The racial groups that comprised Idaho’s population in 2019 were: White (93%); Black (0.9%); American Indian/Alaska Native (1.7%); Asian (1.6%); and Native Hawaiian and Other Pacific Islanders (0.24%). Data indicate that 2.6 percent of Idahoans identify as being of two or more races. Persons of Hispanic or Latino origin comprised 12.8 percent of Idaho’s total population. Idaho is home to six federally recognized tribes: Coeur d’Alene Tribe, Kootenai Tribe of Idaho, Nez Perce Tribe, Shoshone-Bannock Tribes of the Fort Hall Reservation, the Northwestern Band of the Shoshone Nation and the Shoshone-Paiute Tribes of the Duck Valley Reservation. Idaho also has two refugee centers located in southwest Idaho (Ada County) and south-central Idaho (Twin Falls County).

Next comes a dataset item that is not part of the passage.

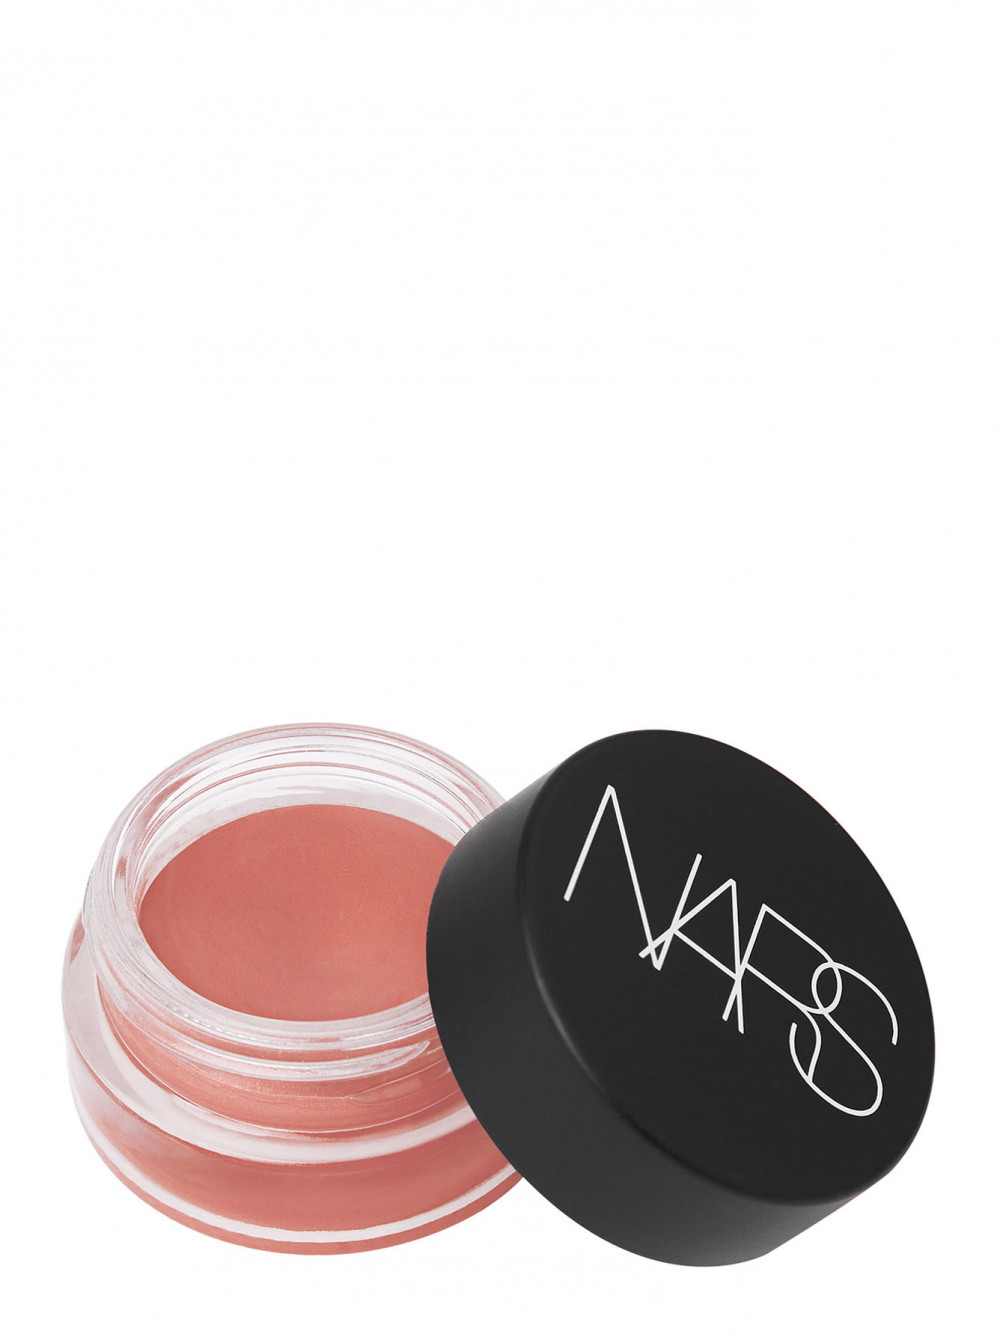  Кремовые румяна Air Matte Blush NARS Makeup - Общий вид

Social Determinants and other Demographics

The conditions in which people are born, live, learn, work and play have a substantial impact on health outcomes. These conditions, known as the social determinants of health, are important to consider when thinking about improving the health of a population. 

While the ideology that “your zip code is a greater predictor of health than your genetic code” is widely used by public and community health professionals, a deeper look indicates that “your neighborhood is a greater predictor of your health.” Social, economic, and environmental factors and their influence on health can vary greatly depending on where one lives, as each neighborhood has differing levels of access to affordable housing, good jobs, healthy food, education and healthcare. In Idaho, mapping life expectancy by census tract shows a difference of as much as 20 years of life between the highest and lowest tracts.

SDOH graphic.png

Economic Stability


According to the 2019 American Community 5-Year Survey (ACS), the median household income was $55,785 in Idaho compared to $62,843 nationally. Similarly, per capita income was less in Idaho at $27,970, compared to $34,103 nationally. All racial and ethnic groups measured in the ACS had lower household and per capita incomes in Idaho than their counterparts nationally.

Despite lower incomes, Idaho’s poverty level of 13.1% aligns with the national average of 13.4%.8 This alignment with national trends largely holds true across sex, age, education level, and racial and ethnic groups. However, increased poverty of 18.7% is felt by young adults between the ages of 18 and 34, compared to 16.3% for this age group nationally. Within Idaho, greater levels of poverty are experienced by certain demographic groups and within certain areas. For instance, 20.7% of Idaho’s Hispanic or Latino population lives at or below the poverty level in comparison to 11.5% of the white population who do not identify as Hispanic or Latino. Poverty measured at the county level ranges from 30.9% in Madison County to 4.5% in Teton County.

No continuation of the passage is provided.